In this new industrial order, the role of the working data scientist will become similar to a foreman in a factory that has implemented robotics and computerized numerical controllers. Addressing this growing demand, Wikibon sees ongoing growth and development of a new niche for AI/ML/DL DevOps workflow, collaboration, and automated release pipeline tools from such solution providers as AWS, IBM, Cloudera, DataRobot, Domino Data Lab, MapR, and Microsoft.

 

Figure 4: Maturation of machine-learning automation will facilitate data-science DevOps initiatives

Growth in autonomous edge applications will boost reinforcement learning’s role in enterprise data science

Wikibon

Prediction

Autonomous edge devices, powered by AI-infused componentry that are trained through reinforcement learning, are becoming ubiquitous. By year-end 2018, more than 25 percent of enterprise AI application-development projects will involve autonomous edge devices and that, by that time, more than 50 percent of enterprise AI developers will have gained expertise with reinforcement learning tools and techniques.
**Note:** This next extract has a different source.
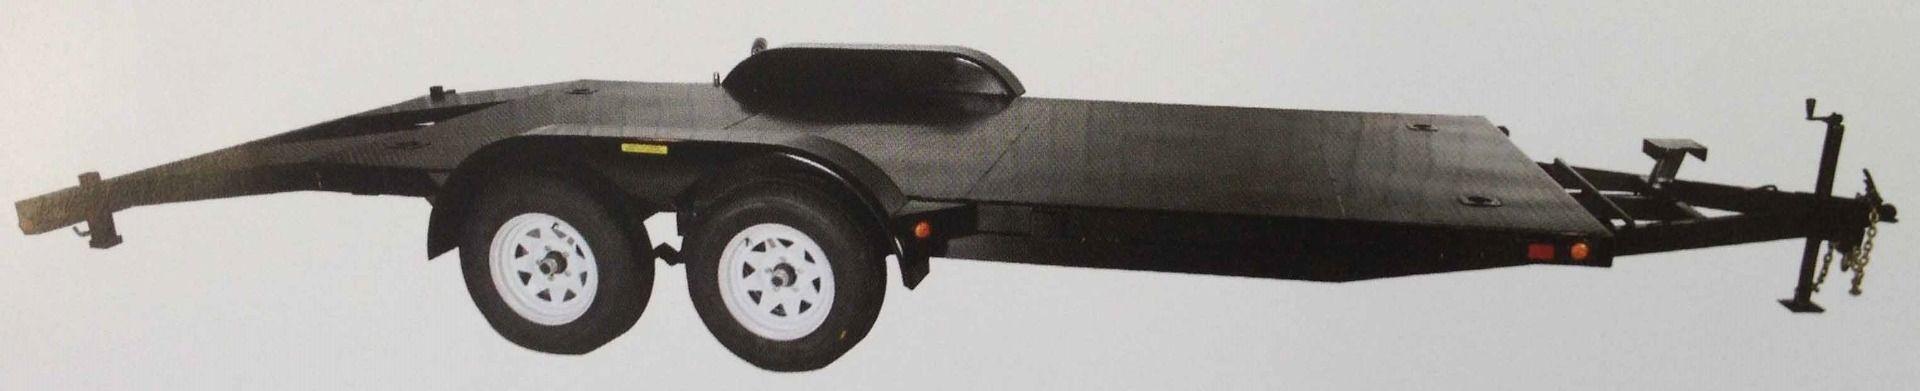 model CC 7000 8016

Autonomous edge devices are becoming the next big thing in practically every sphere of our lives, especially in the enterprise. Much of edge application development—for industrial, transportation, healthcare, and consumer applications—involves building AI-infused robotics that can operate with varying degrees of contextual autonomy under dynamic environmental circumstances.

In such application domains, edge devices’ AI brains must rely on reinforcement learning, in which, lacking a pre-existing “ground truth” training data set, they seek to maximize a cumulative reward function, such as assembling a manufactured component according to spec. This is in contrast to how other types of AI learn, which is either by minimizing an algorithmic loss function with respect to the ground truth data (as with supervised learning) or (as with unsupervised learning) minimizing a distance function among data points.

With reinforcement learning, the edge device being trained is never presented with the “correct” input/output data pairs and never has its suboptimal intermediate steps explicitly corrected. Instead, it algorithmically works through various action paths to find a balance between exploration of unfamiliar options and exploitation of the knowledge it gains toward maximizing the cumulative reward function. In addition to robotics, reinforcement learning is an important learning technique for AI-infused edge and enterprise applications in finance, logistics, online gaming, Web content publishing, and application performance management. It has even proven useful in automating the ML pipeline and improving the conjoined performance of cooperative AI models.

Figure 5 illustrates the relationship of reinforcement to training of AI for robotics and other autonomous edge applications.

Figure 5: Growth in autonomous edge applications will boost reinforcement learning’s role in enterprise data science

 

 

 

 

 

 

 

Action Item

Wikibon recommends that developers invest in the new generation of tools that automate the DevOps lifecycle around deployment of AI-based microservices into public, private, hybrid, multi-cloud, and edge IoT clouds. In sorting through the commercial offerings in this growing segment, developers should prioritize those solutions that support strong end-to-end governance of heterogeneous data, models, microservices, and other key artifacts in the lifecycle of AI-infused applications throughout distributed computing environments.